The Art of the Elusive Comp

Writing comp titles really is an art form. Boiling a story down to “when x meets y” requires a lot of skill. Some tips I’ve heard before are:

  • Nix the bestselling titles (a.k.a. Please don’t think you’re John Grisham)
  • Try to use semi-current works
  • Use ones in a similar genre (some folks recommend using just books, while others are okay with references to short stories or films)

I thought I’d try my hand at making up a comp for my short story, “Those Holiday Blues.” It’s part of Festive Mayhem, a recently released anthology collection by an amazing group of diverse crime fiction writers.

I also asked the other contributors to come up with individual comps for their stories. Here goes (this is organized by story title in the anthology):

“The New Year’s Hex” by Carolyn Marie Wilkins:
Ghost meets Murder She Wrote meets black history circa 1920.

“Pipe Dreams” by S.G. Wong: 
Raymond Chandler’s The Little Sister meets Wong Kar-Wai’s In the Mood for Love.

“A Christmas Tip” by Elizabeth Wilkerson:
The Girl with the Dragon Tattoo meets Good Girls

“The Stranger in the House” by Stella Oni:
Miss Marple meets Mma Ramotswe

“What Lies Inside” by Kia Dennis:
The Tell-tale Heart meets You 

 “A Deadly First” by Delia C. Pitts:
Motherless Brooklyn meets Hemingway’s “A Clean, Well-Lighted Place.”

“The Holiday Murder Mélange” by Myra Jolivet:
MC Beaton’s Quiche of Death meets the movie, Eve’s Bayou

 “Those Holiday Blues” by Jennifer J. Chow:
Nancy Drew meets He’s Just Not That Into You and set on the beach

“Holiday Holdup” by Paige Sleuth:
Mimi Lee Gets a Clue meets Bad Santa


(P.S. I can’t believe Mimi Lee Gets a Clue was used in a comp. I’m so flattered!)

Can’t wait to read what we’ve written, given those stellar comps?

Share your favorite comps below (ones that you’ve written or others that you’ve read):

34 thoughts on “The Art of the Elusive Comp

  1. These are great.
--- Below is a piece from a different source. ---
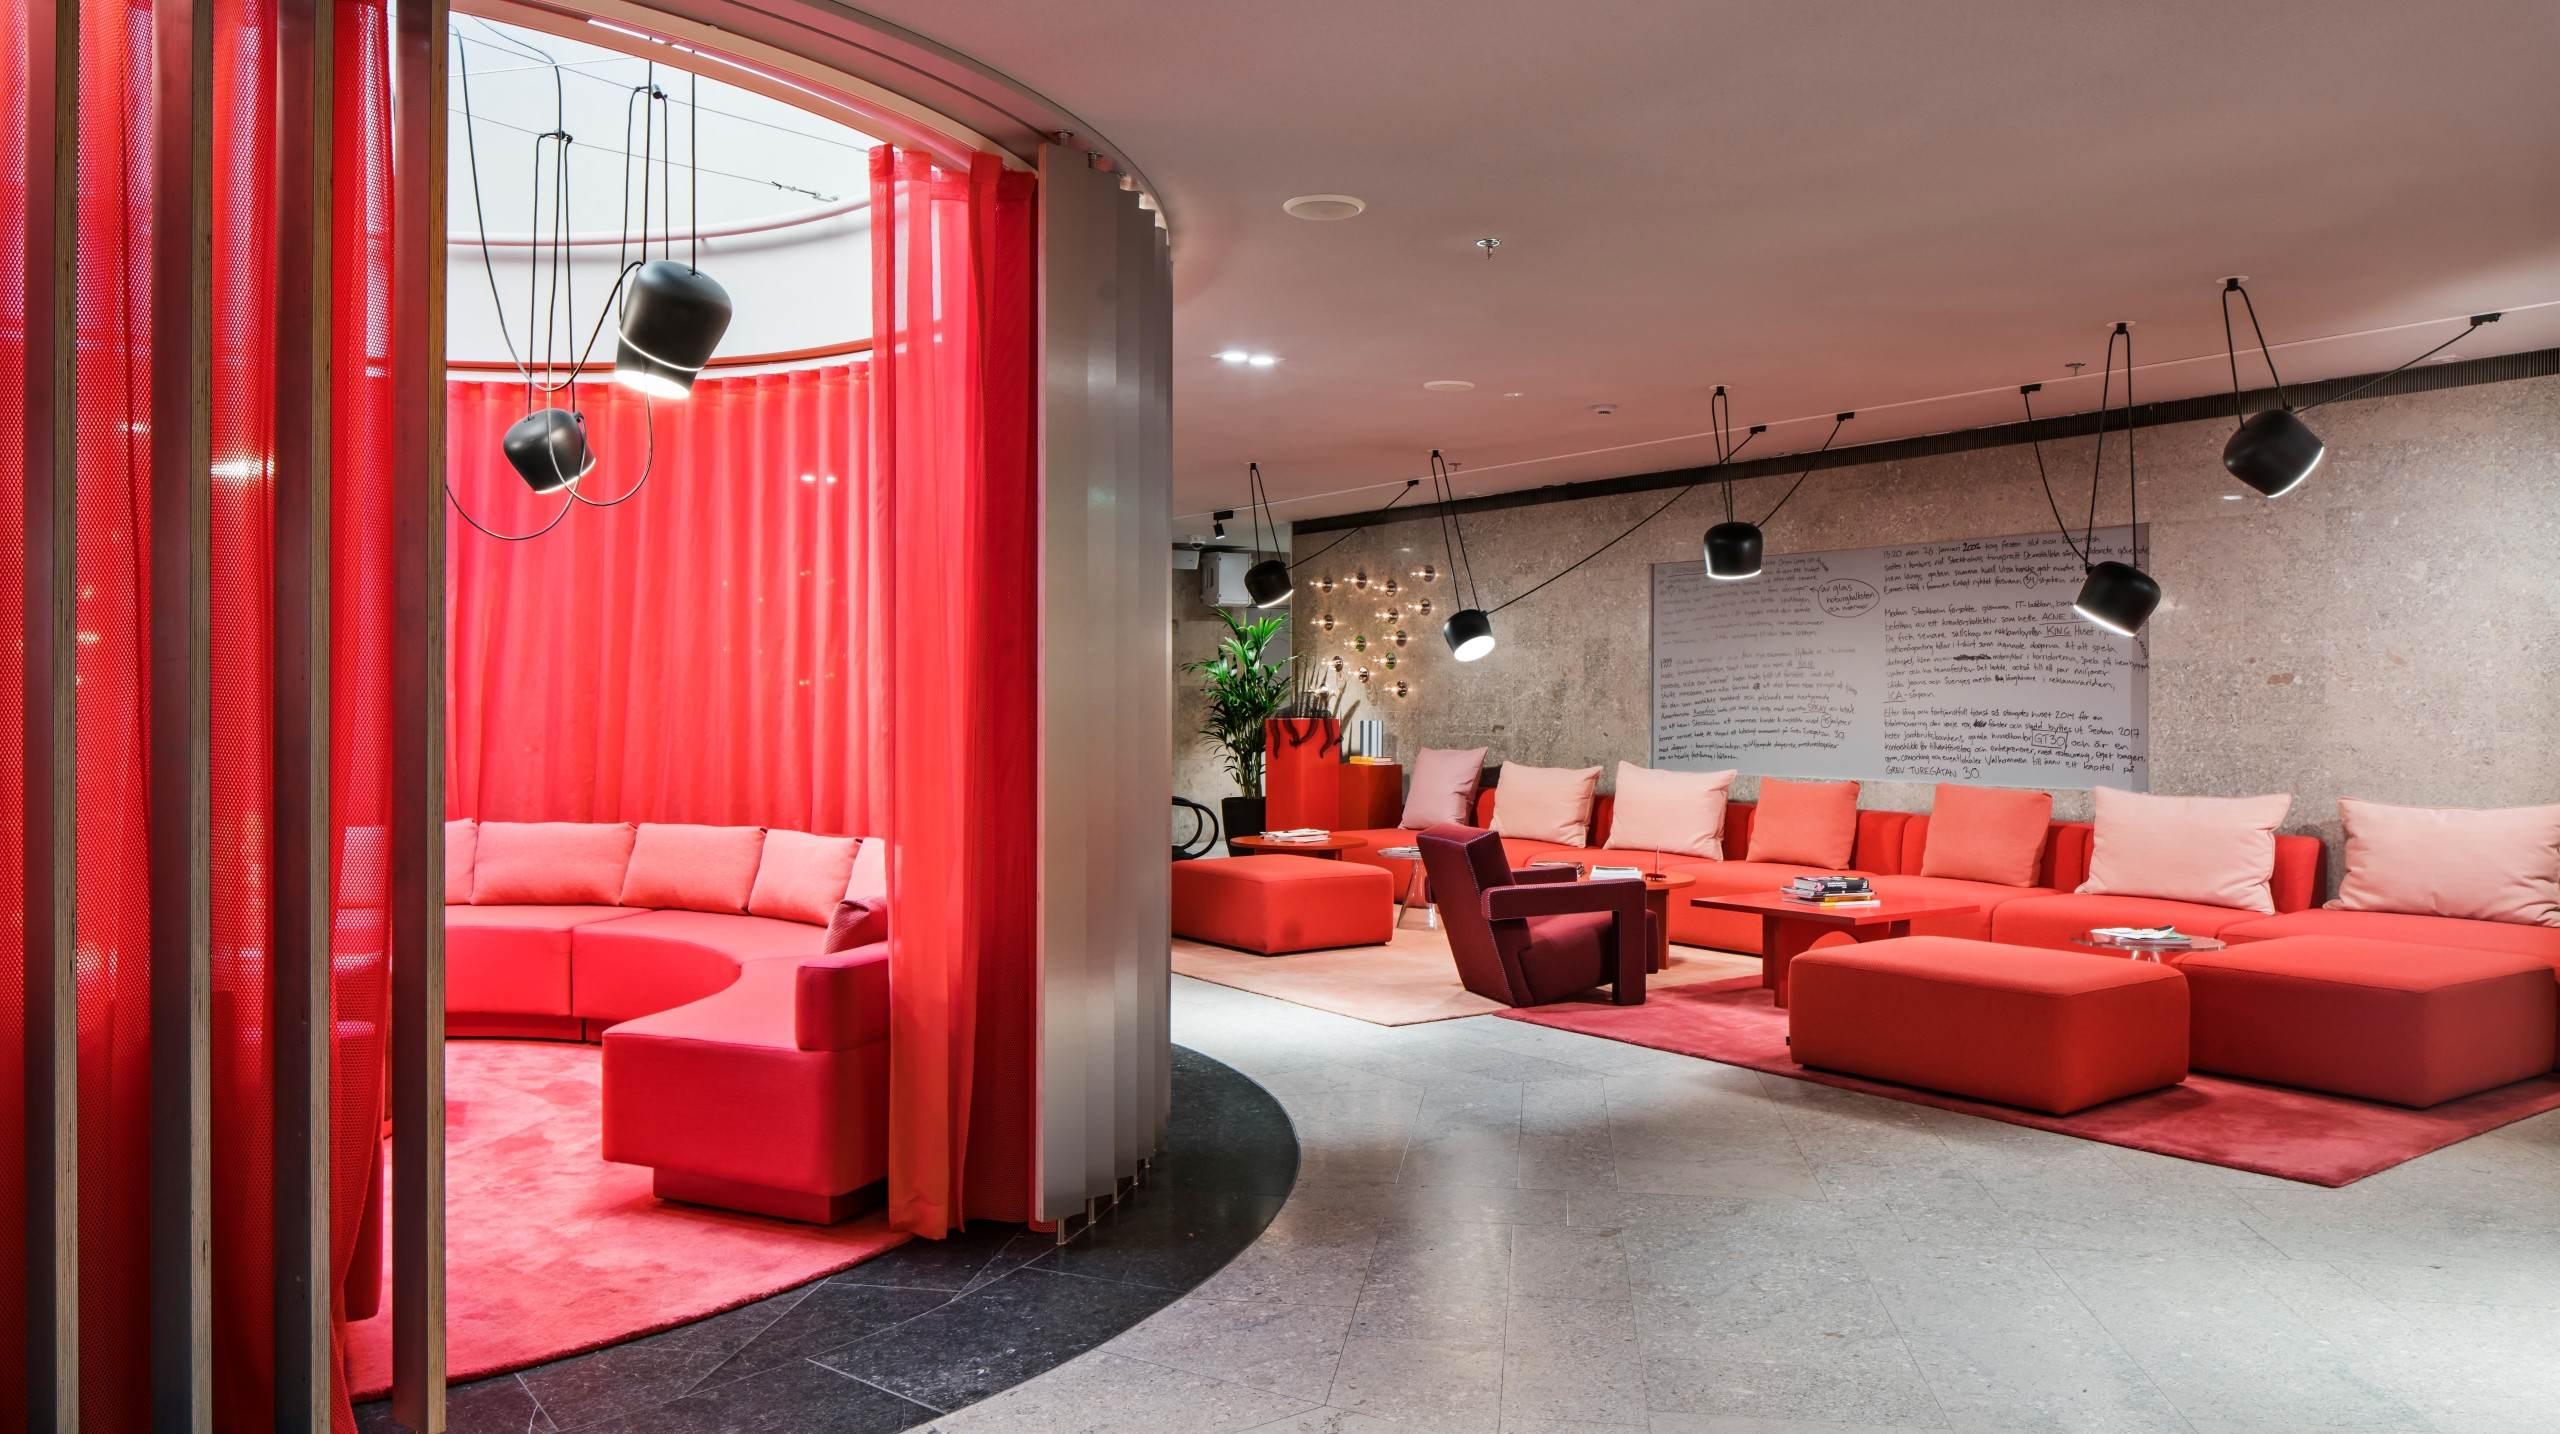 Helio GT30, kontorshotell i Stockholm. Fotograferat av arkitekturfotograf Mattias Hamrén.

I’m terrible with comps. I always feel like I shouldn’t be daring to compare myself to other (better) writers. I did, however, love the tag for my Homefront Mysteries a friend gave me – Rosie the Riveter meets Sam Spade. 🙂

    Liked by 5 people

  2. I’ve tried to make my Natalie McMasters Mysteries as original as possible, so it is really difficult to find other books to compare them to. Rather than write a comp, I focus on finding books whose also boughts I can use for keywords on Amazon ads. This strategy has netted me a steady stream of sales since I’ve been doing it.

    Liked by 3 people

  3. Jen, this anthology sounds amazing—what an awesome group of writers and stories! I used “If Angela Lansbury and Cameron Diaz teamed up to solve murders in Southwesr FL—Murder She Wrote meets In Her Shoes.” (Ladies Smythe & Westin Mysteries).

    Liked by 3 people

  4. Really great, Jen. Making a comp list is an art form, as you say. As a mostly nonfiction writer, I know how hard it is to come up with a cohesive list. As others here have said, I spend a lot of time perfecting “key words” before I even get started. And then I try to think of the “elevator pitch” I”d give friends, family and strangers: “X meets Y meets Z.” Keeping the list to publications within the last few years is key, too — influences often start in our childhoods!

    Liked by 2 people

  5. These comps totally grabbed me — look forward to reading! (You had me at Nancy Drew, Jen!)
    I pitched The Liv & Di series as a little bit Lucy and Ethel, a little bit Thelma and Louise.

    Liked by 4 people

  6. I write my titles before I write my books, so I’m good with finding the perfect comp then writing a book to match! That said, for my middle grade time travel romps my comp was “Peabody and Sherman meet Quantum Leap.”